ENMU-Ruidoso Branch Community College Science Department Chair and Biology Instructor Shelly Elfelt recently took biology students on a variety of day-long field trips the week prior to spring break.
They went to a different location each day. The first day they traveled to Carlsbad Caverns National Park where they were able to tour the caverns and hiked into the cave three miles.
The next day they went to the Valley of Fires Recreation Area near Carrizozo, which is managed and maintained by the Bureau of Land Management (BLM), to observe earless lizards and specifically their adaptations to the black lava rock of the valley.
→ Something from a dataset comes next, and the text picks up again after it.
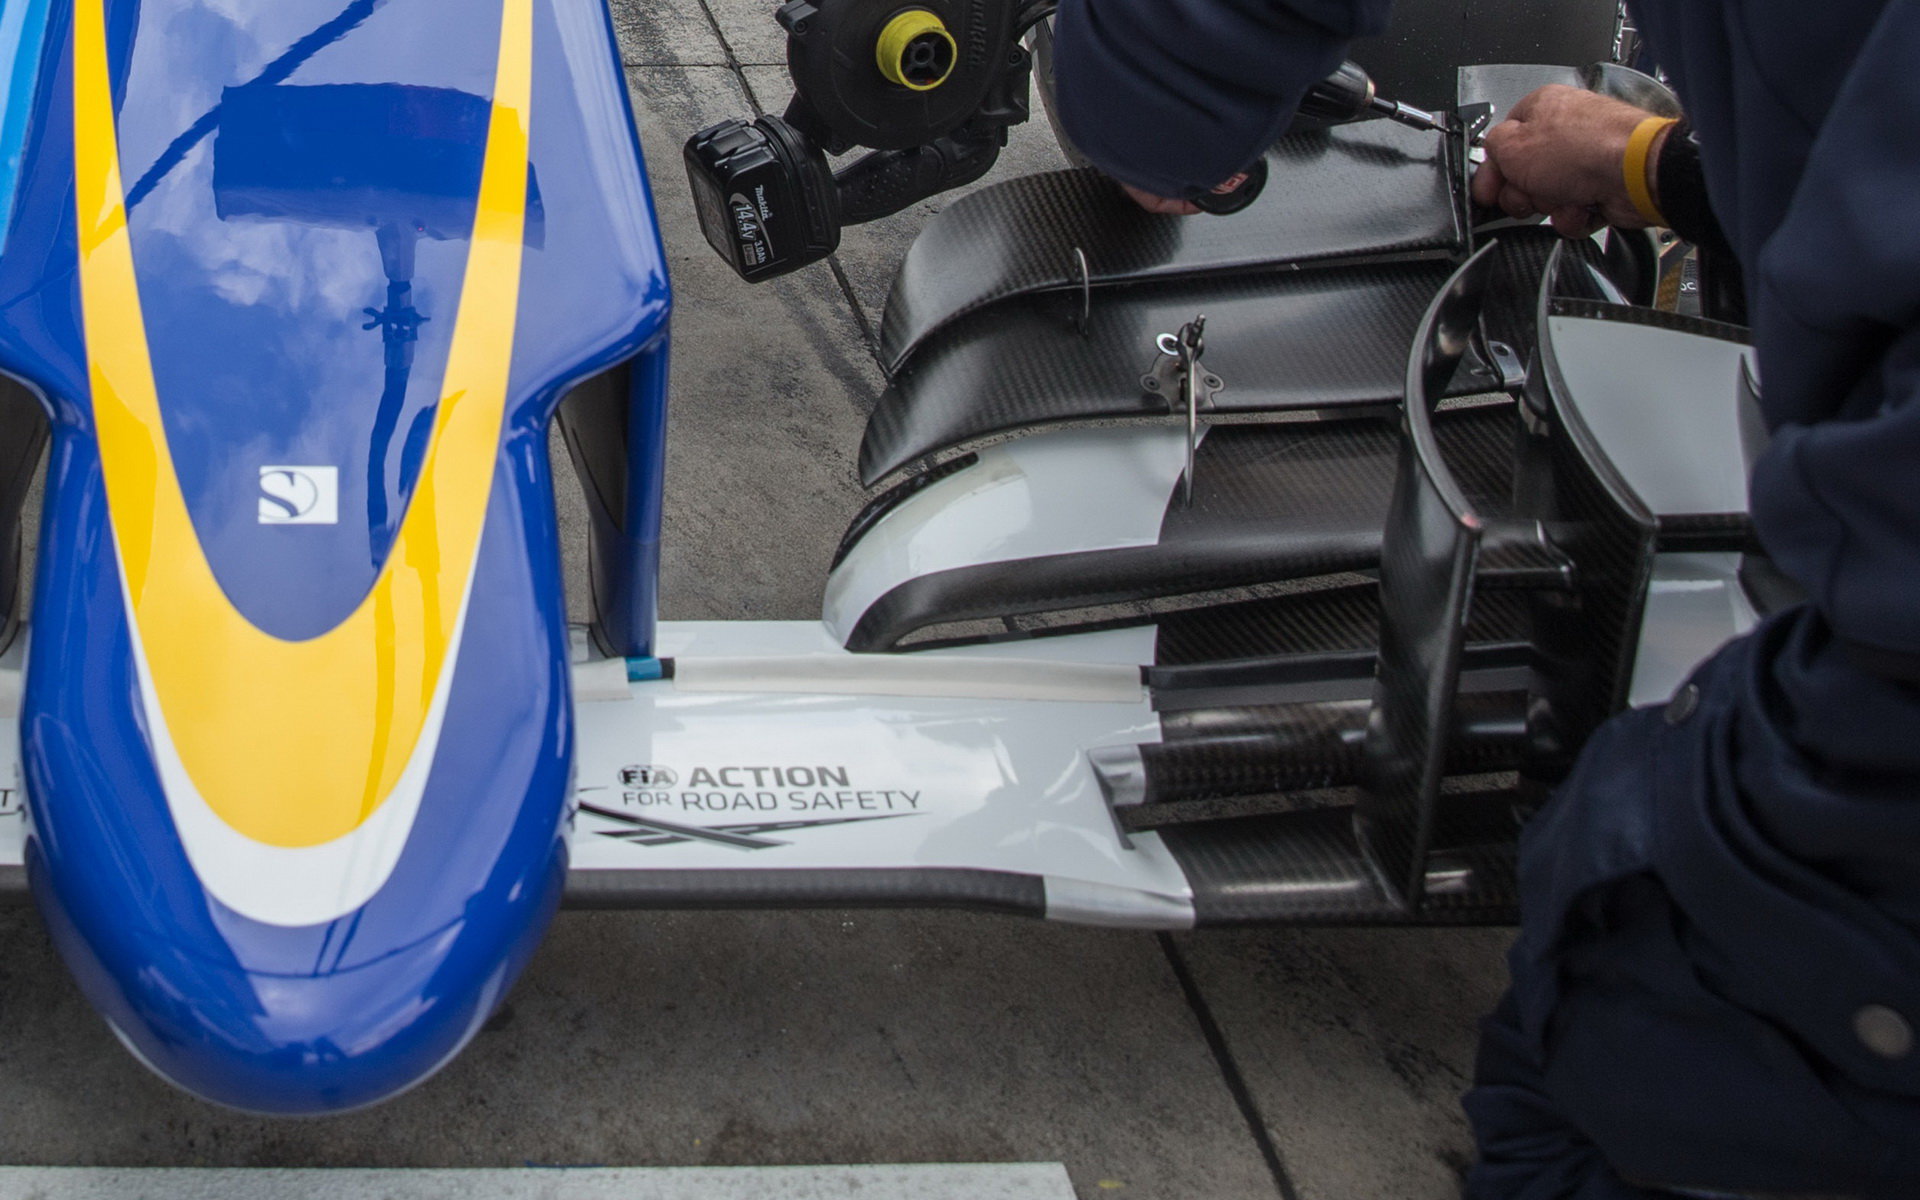 Detail předního křídla vozu Sauber C34 - Ferrari, GP Itálie (Monza)

The third day the class traveled to the Three Rivers Petroglyph Site in Tularosa, also managed by the BLM, where they observed the most earless lizards and hiked another 3.2 miles.
On the fourth day they traveled to White Sands National Park in the heart of the Tularosa Basin near Alamogordo for a presentation from the Ranger Biologists on adaptative radiation of earless lizards and other species found in White Sands. After the lesson, the students hiked 2.1 miles deep into the dunes.
Day five they traveled to the ABQ BioPark Zoo in Albuquerque to job shadow with a vertebrate zookeeper.
The students packed a cooler of food each day for a picnic on their hiking trips. The food was provided by the New Mexico Higher Education Food Security grant that the college received this year to address food insecurity in community college students.